At the American Heart Association conference in Miami that year, Gruentzig presented the results of his first four coronary angioplasties. True to his iconoclastic form, he presented his data (to raucous applause) wearing sandals. Afterward, Mason Sones, teary-eyed and by then battling lung cancer, told a colleague, “It’s a dream come true.”*
After years of working in obscurity, Gruentzig quickly became one of the most famous cardiologists in the world. In 1980, three years after the first coronary angioplasty, he moved his research enterprise to Emory University in Atlanta, Georgia. Over the next five years, he helped to popularize angioplasty in the United States by performing approximately twenty-five hundred procedures.
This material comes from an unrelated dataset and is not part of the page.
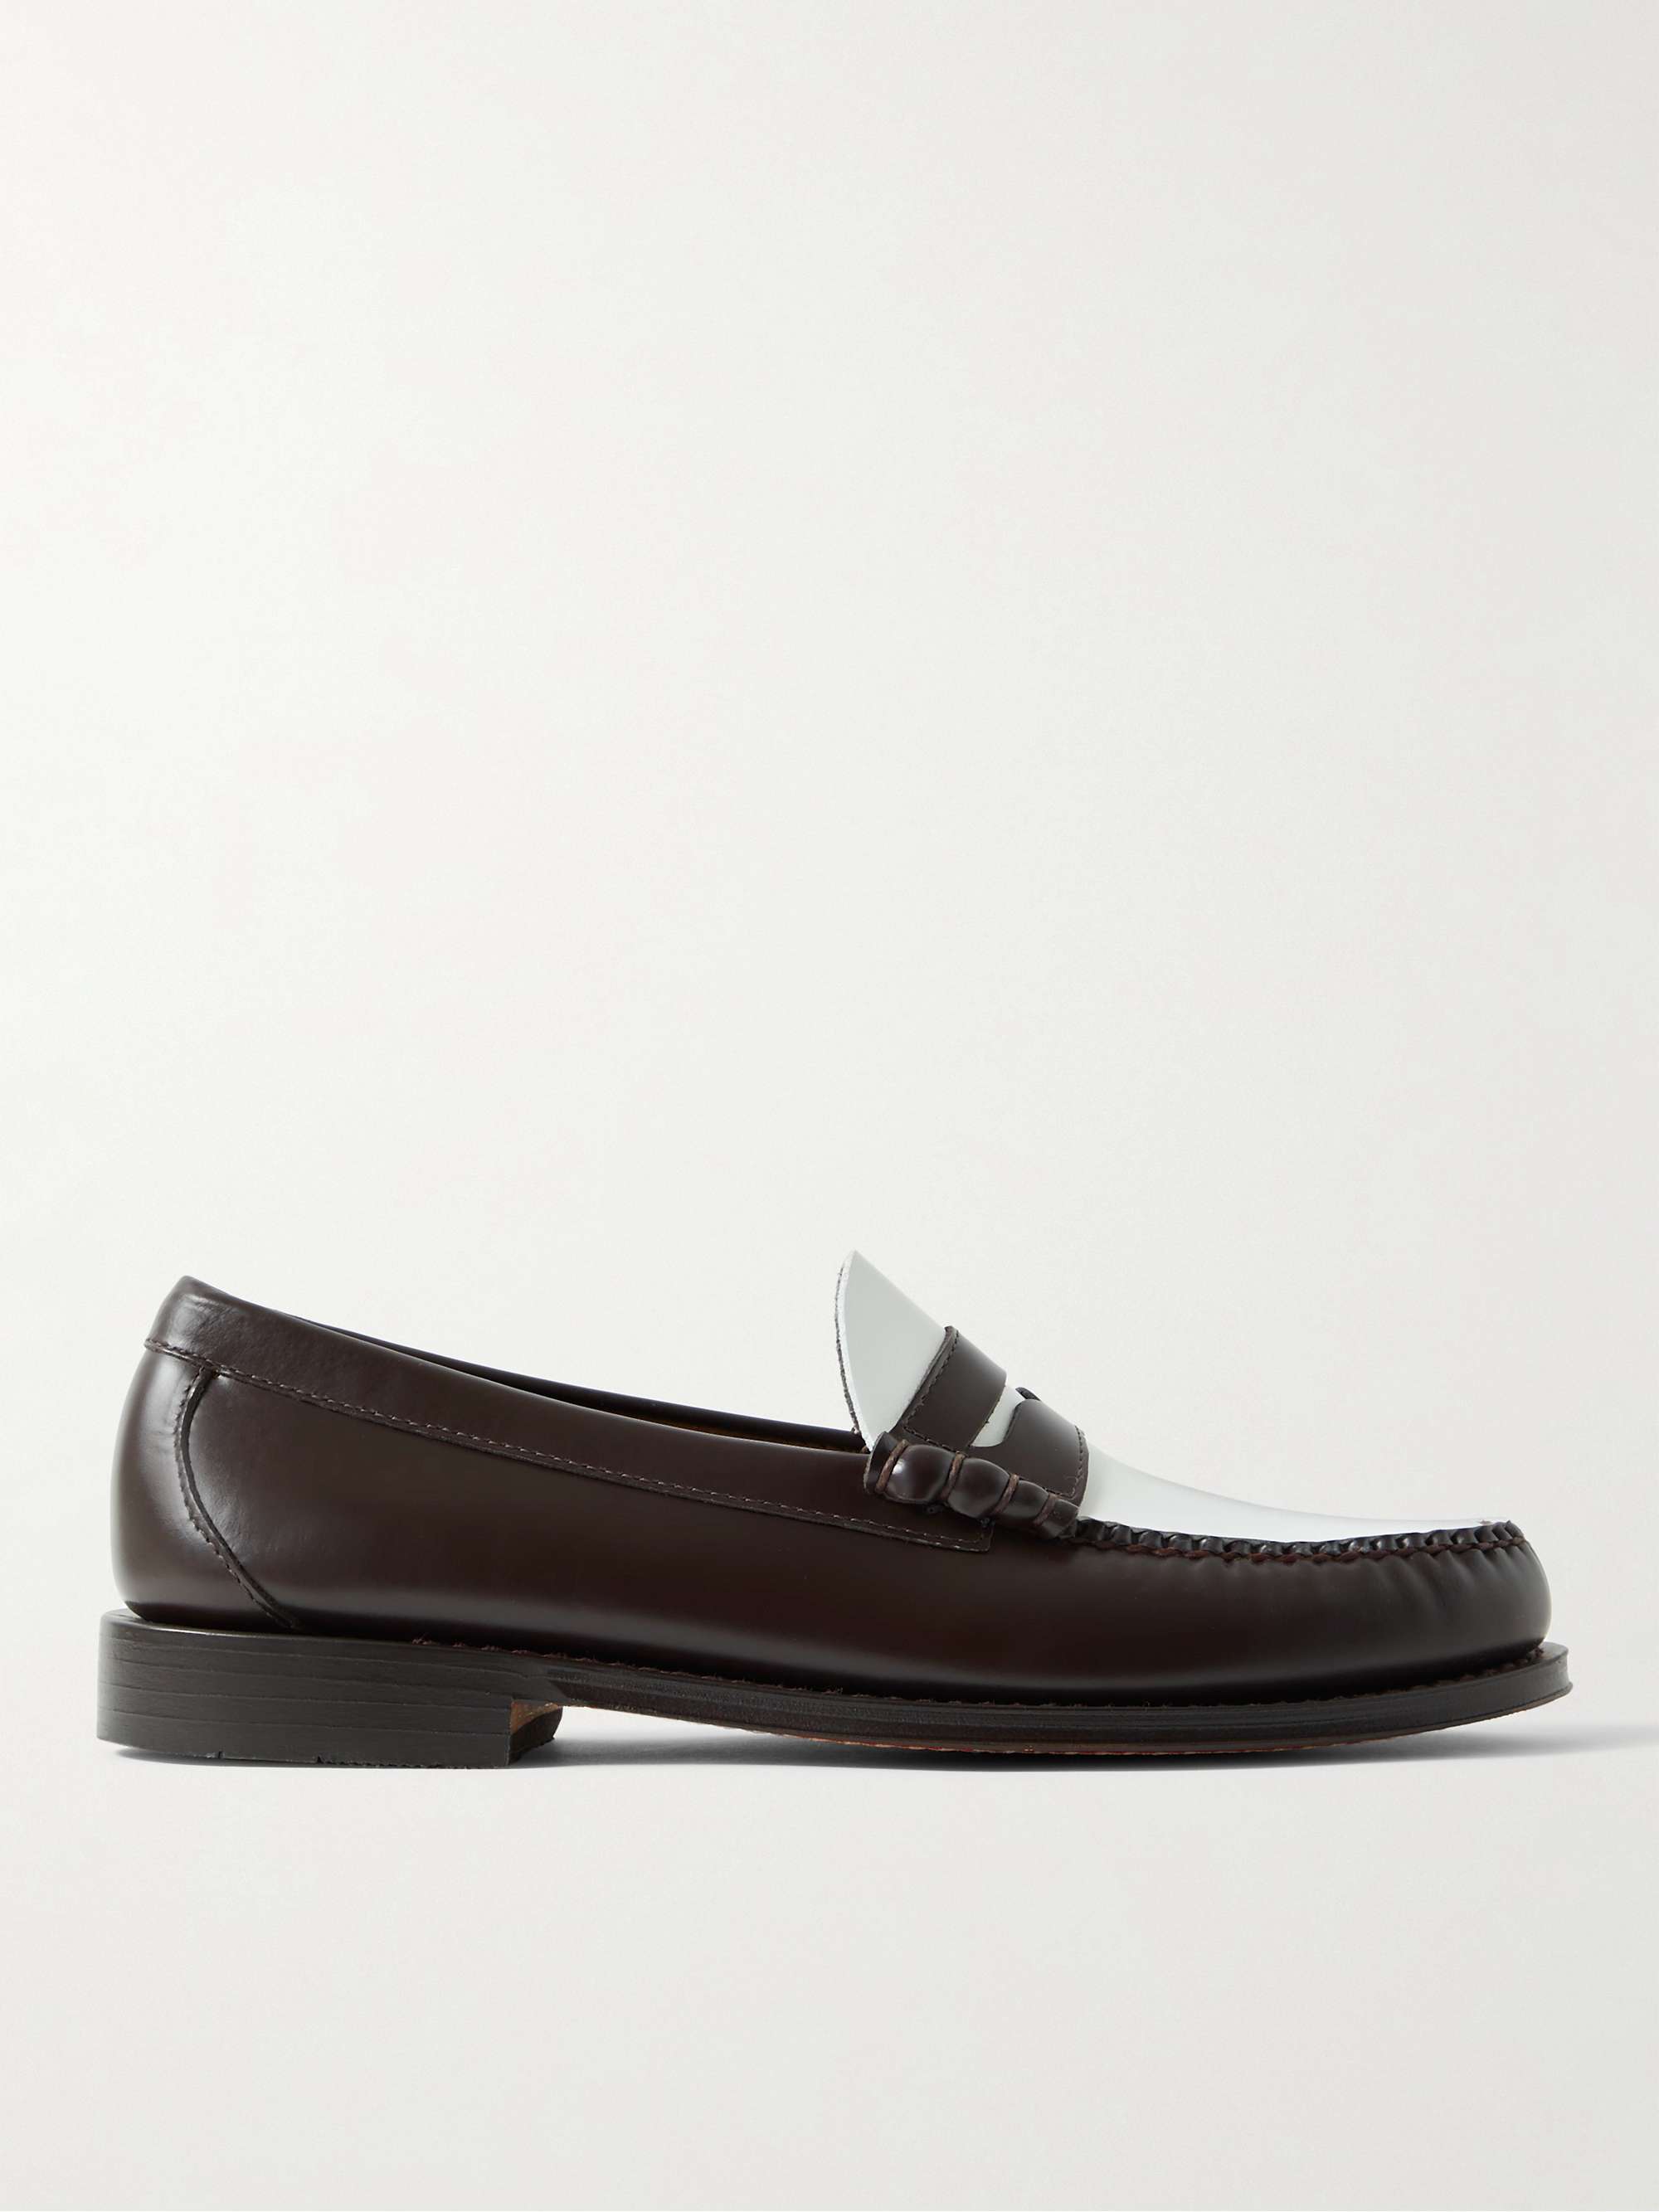 G.H. BASS & CO. Weejuns Heritage Larson Colour-Block Leather Penny Loafers  for Men | MR PORTER

He had so much faith in his technique that he once had a cardiology fellow perform a coronary angiogram on Gruentzig himself. Gruentzig climbed onto the cath table at 5:00 p.m., underwent the procedure, and then went to pick up his wife, arriving at the department’s Christmas party by 7:00. Incidentally, his coronary arteries were normal.
Gruentzig’s procedure ushered in the field of interventional cardiology. In 1980, Marcus DeWood and colleagues used coronary angiography to show that patients suffering heart attacks have arterial clots that obstruct coronary blood flow. This discovery quickly led to the development of clot-busting drugs and the refinement of angioplasty procedures for the treatment of acute myocardial infarction. In 2001, when I began my fellowship, coronary angioplasty was already a sprawling business. One evening, wearing bloodstained scrubs, I ran into Bert Fuller, the kindly chairman at Bellevue. He was sporting his usual maroon sweater and pants that were at least a size too small. We walked together, chatting about my cath lab experiences. Outside Bellevue, it had snowed, and the sidewalk was slushy. “How little we knew,” Fuller said, shaking his head as we waited in line in front of a truck to buy a cup of coffee. “When we started, cardiac catheterization was used only for unremitting chest pains. Now it has become routine.”
Today several million angioplasties are performed worldwide every year, one million in the United States alone. In 1994, the Food and Drug Administration (FDA) approved the release of coronary stents, tiny metallic coils that are used in the clear majority of angioplasties today to keep ballooned arteries open. In the early years of the twenty-first century, stents began to be coated with chemicals that prevent scar tissue from forming. The first drug that was used was rapamycin, an antibiotic discovered in a soil mold on Easter Island that stops cell division. Nowadays, most stents used in the United States are coated with rapamycin or a similar drug, which has nearly eliminated in-stent scarring.
From a self-surgery in a tiny operating room in Eberswalde, Germany, cardiac catheterization has been transformed into a hugely profitable, multibillion-dollar industry. Unfortunately, Gruentzig never got a chance to witness this revolution. He and his second wife, a medical resident, died on October 27, 1985, when the private plane he was piloting crashed in a storm in rural Georgia. He was forty-six years old. That year was a tragic one for interventional cardiology. Smoking caught up with the field’s heroes. Mason Sones died of metastatic lung cancer; Charles Dotter, ironically, of complications of coronary bypass surgery.
*Obstructive plaque can stimulate “collateral circulation,” or the formation of new blood vessels. Oxygen-deprived cells downstream from the obstruction release chemical growth factors that signal primitive vascular cells to invade the hypoxic tissue, assembling into a plexus of new hollow tubes that link up into a complex network. This process, called angiogenesis, ensures that blood vessels permeate every region of the body. These new blood vessels—the heart’s attempt to repair itself—limit the damage caused by a heart attack.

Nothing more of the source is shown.